American soap opera television series

Valiant Lady is an American soap opera which ran daily on CBS radio and television from October 12, 1953, to August 16, 1957. The show's title was taken from a 1930s radio soap opera about a young woman struggling through life but is otherwise very different. Like many early soap operas, the show was broadcast live from CBS Studio 57 in Manhattan.

The series was created by Adrian Spies; the head writer was Charles Elwyn.

==Storyline==
Helen Emerson, the focus of the show, was a forty-ish matron whose husband died in the show's first year.

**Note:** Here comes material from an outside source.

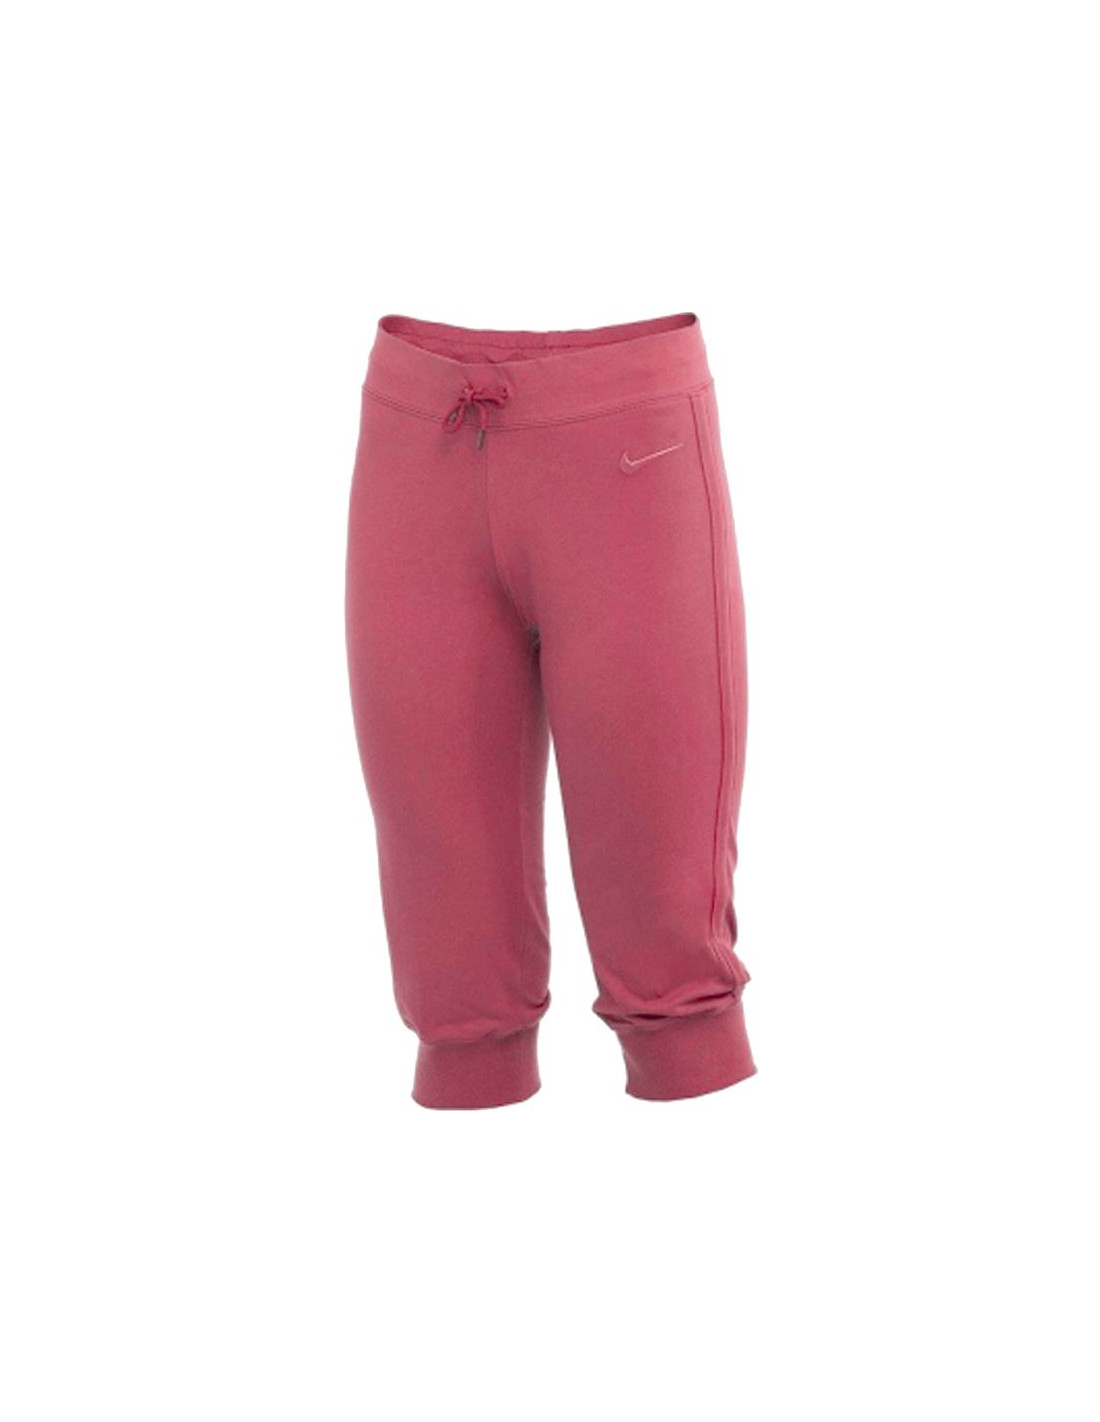 Pantalones nike capri rosa

Because of her widowhood, she endured financial hardship while continually worrying about her three children's lives. Headstrong son Mickey fell for a divorcee, impulsive daughter Diane ran off with a married man, and bratty Kim constantly implored Helen to teach her the latest dance step. Helen's biggest romance throughout the series was with Hal Soames, a married airline pilot in the midst of a divorce. She finally found peace and happiness in the show's final year, when she married Governor Lawrence Walker.

==Cast==
During the run of the show, two actresses played Helen Emerson, and two played daughter Kim. Son Mickey was played throughout by James Kirkwood Jr., the 1970s/1980's novelist and playwright best known for A Chorus Line. Kirkwood would learn his lines while driving into work with director John Desmond. Though the wife of the airline pilot was played by four different actresses (one of whom, Sue Randall, became best known as Theodore Cleaver's teacher Miss Landers in the TV series Leave It to Beaver), the airline pilot himself, Hal Soames, was played by only one actor throughout, Earl Hammond, who later became well known as the deep bass voice of many television cartoon heroes and villains in the 1980s. Helen's husband, on the series for only the first year, was played by Jerome Cowan, best known for playing Miles Archer, the private eye partner of Humphrey Bogart's Sam Spade in The Maltese Falcon.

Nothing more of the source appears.